Comment by dotBen

Comment by dotBen 11 hours ago

14 replies

They already will be selling your ride data and there is no way they could monitor conversations in the car for commercial purposes (at least in Western countries).

Ads in cars, partnerships with alternative destinations, etc. definitely would feel like enshitification for a demographic comparable to the hacker news one here. But these are all per session/user settings just like most of us have a paid Spotify account and never see advertising and those who don't get a very different monetized experience.

What is exciting about monetization like this is the possibility for rides to become very cheap or even free. If my dentist offers free rides to the office in return for my loyalty, I'm quite happy to take that.

crazygringo 10 hours ago

> If my dentist offers free rides to the office in return for my loyalty, I'm quite happy to take that.

That's actually a really interesting angle. The same way businesses often provide free parking now... what if they start providing free self-driving round trips?

E.g. spend $75 or more at Whole Foods, and get free round-trip up to 20 miles or something. Especially for bulky items like groceries where a car makes a big difference, I can totally see that becoming standard. Home Depot too. Plus entertainment like amusement parks, movie theaters, spas...

  • dotBen 10 hours ago

    It makes particular sense for vertically integrated conglomerates like Amazon-Whole Foods which owns Zoox.

    I buy Whole Foods French fries shipped to the store via Amazon logistics and purchase those at Amazon owned Whole Foods, at a discount via my Prime membership on my Amazon credit card which is processed on AWS infrastructure and I ride home on an Amazon owned Zoox that also runs on AWS infrastructure.

    Amazon owns so much of the profit margin across that stack that they can afford to give rides away for example.

jafo1989 9 hours ago

> there is no way they could monitor conversations in the car for commercial purposes (at least in Western countries)

Oh, you'll agree to that when you accept the terms of service.

Can't wait for the "This ride with ads: $17. Ad free: $26" choice.

GuinansEyebrows 11 hours ago

> there is no way they could monitor conversations in the car for commercial purposes (at least in Western countries)

people used to feel that way about search queries, email (gmail) and IP laws (LLM training).

> What is exciting about monetization like this is the possibility for rides to become very cheap or even free.

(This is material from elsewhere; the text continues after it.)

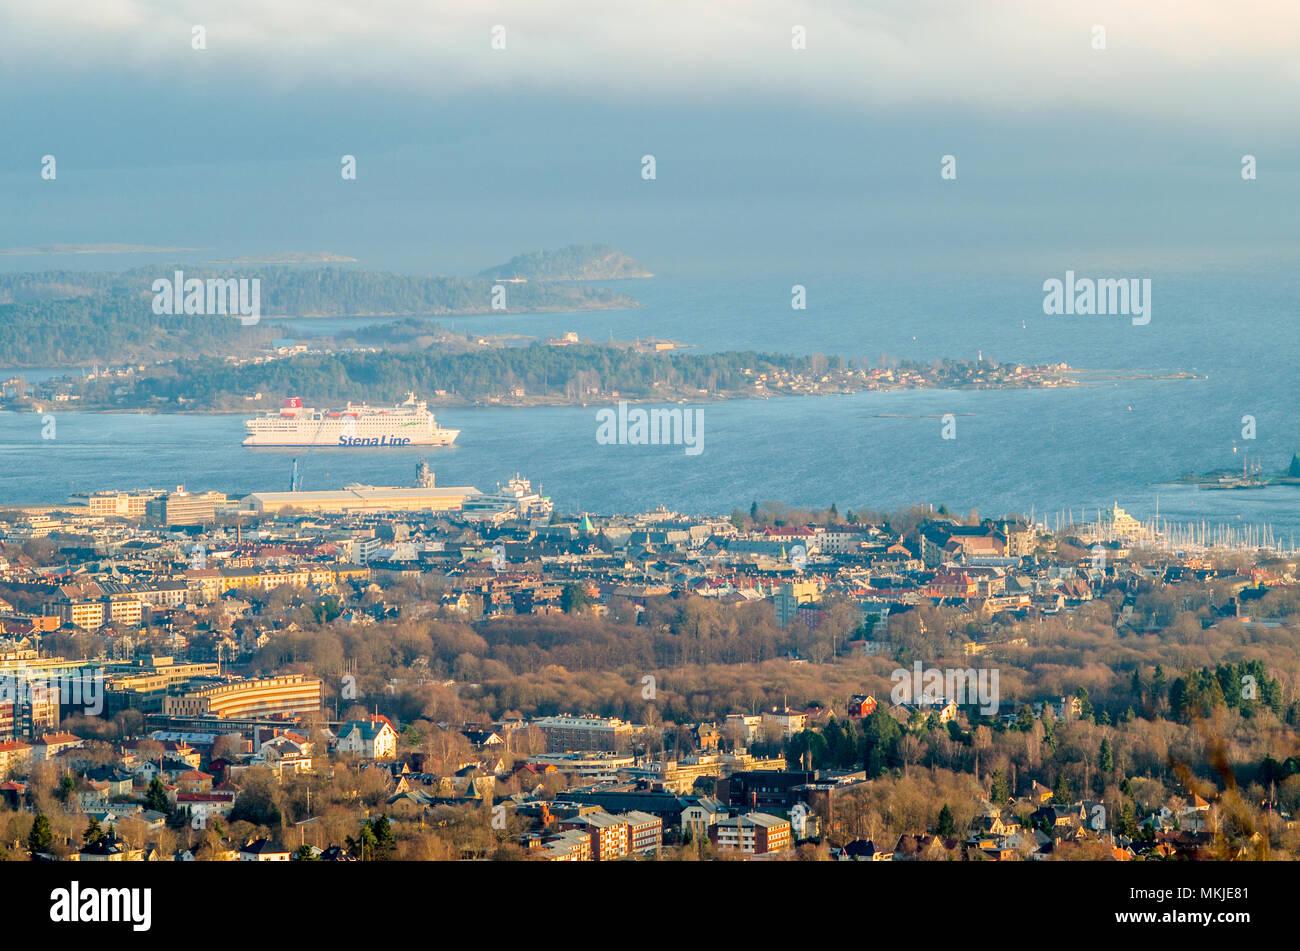 Stena Line big ro-ro ferry leaves Oslo en route to Denmark. - Stock Image

If my dentist offers free rides to the office in return for my loyalty, I'm quite happy to take that.

this won't happen. alphabet will collect on both ends.

tapoxi 11 hours ago

Couldn't Uber do that today?

  • dotBen 11 hours ago

    /cries into my Uber shares and the deletion of the Uber ATG repos when the parts were sold to Aurora.

lotsofpulp 11 hours ago

> and there is no way they could monitor conversations in the car for commercial purposes (at least in Western countries).

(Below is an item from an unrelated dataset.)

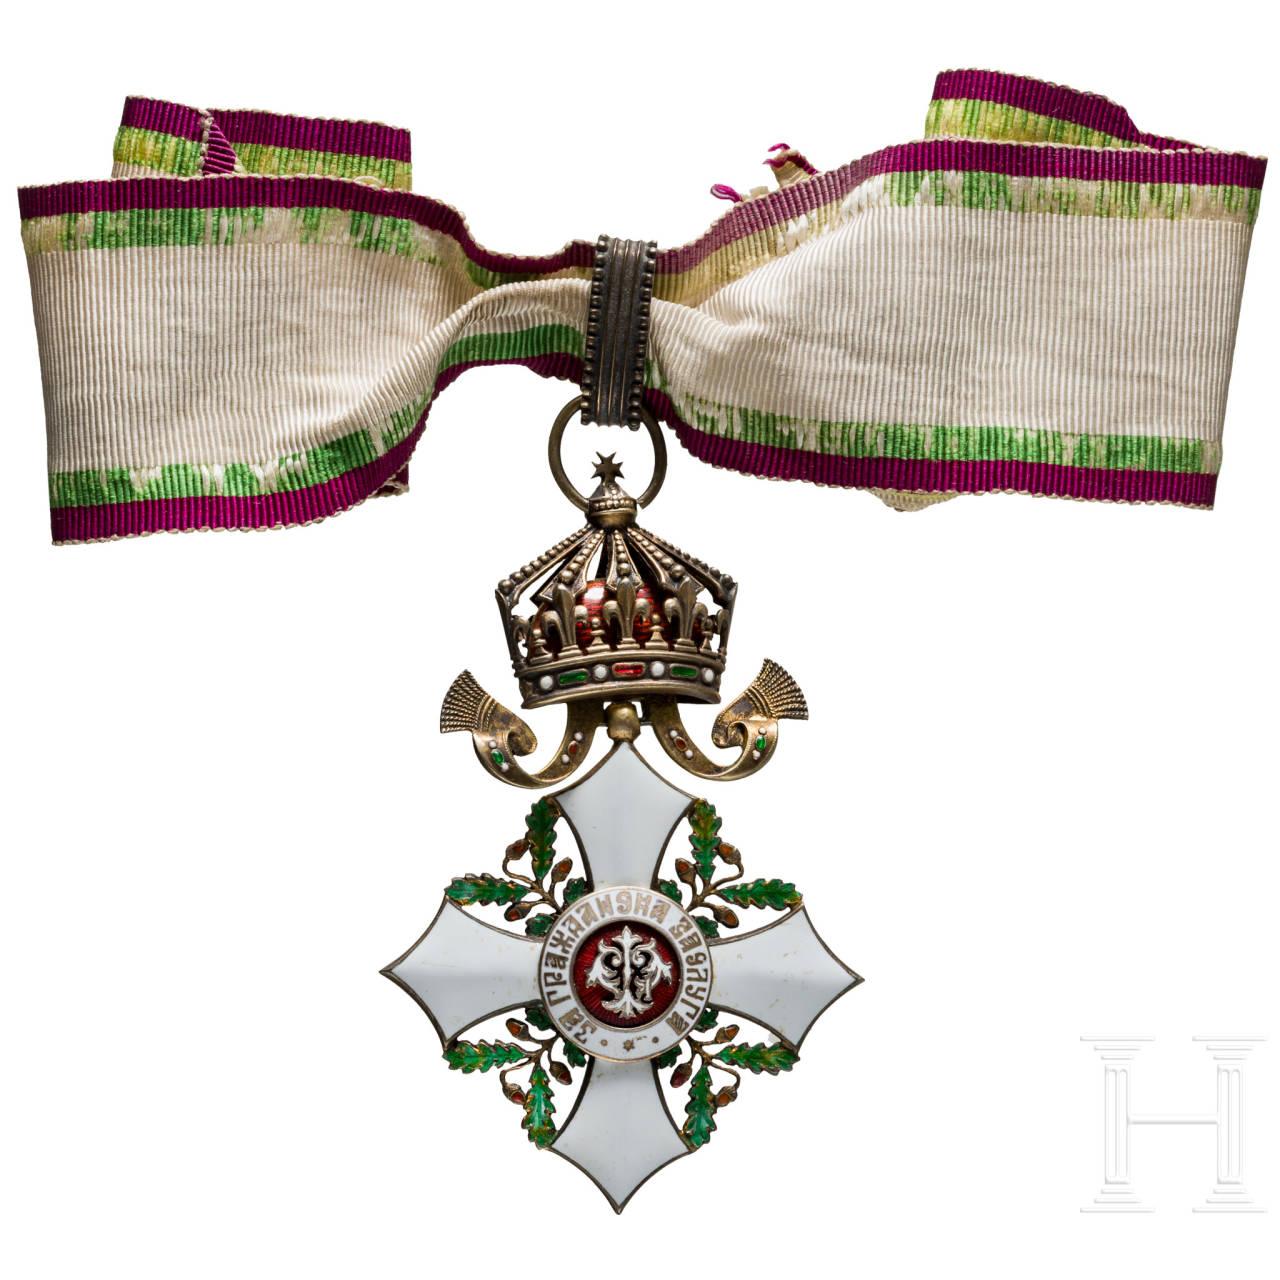 Order of Civil Service, Commander's Cross

Why not? You can consent to having your audio recorded. They can even offer a higher “private” price and a lower “ad supported” price. I write “private” because I assume the microphones will always be listening no matter which price you pay.

  • dotBen 11 hours ago

    I guess that's semantics. If you opt in then yes I guess they could do anything. I think the point was that enshitification would occur if they forced you to do that.

    You could opt in to have blood or plasma taken on every ride if you so wanted I guess.

    • tantalor 9 hours ago

      Rough figures:

      As a plasma donor you can earn $30-$70 per session for 800 ml. Let's call it $50. A session takes about 90 minutes, or 533 ml/hour, and you make $33/hour

      Waymo charges $0.50 - $1.00 per mile. Let's use the high end.

      To break even, your Waymo will need to consume < $33/hour, or < 33 mph. That's not bad!

      If you go any faster, you won't be able to extract enough plasma in the same amount of time.

notyourwork 11 hours ago

You really think ads in vehicle are not coming? You’re being naive if you think that.

Also, cheap rides cut into stocks margins. That won’t fly by investors either. These companies are not charities. They are in the business of maximizing profits. We lost “don’t be evil” over a decade ago.

  • tantalor 10 hours ago

    We already have ads in vehicles.

    If you fly United, the in-flight entertainment has pre-roll ads.

    I can't say how well that model translates to car rides.

    • oefrha 10 hours ago

      I see you haven’t seen or heard of cabs’ in-car ad screens we’ve had for close to two decades, if you have to point to airplanes as an example.

      • tantalor 9 hours ago

        I haven't been in a cab in 2 decades, so that tracks.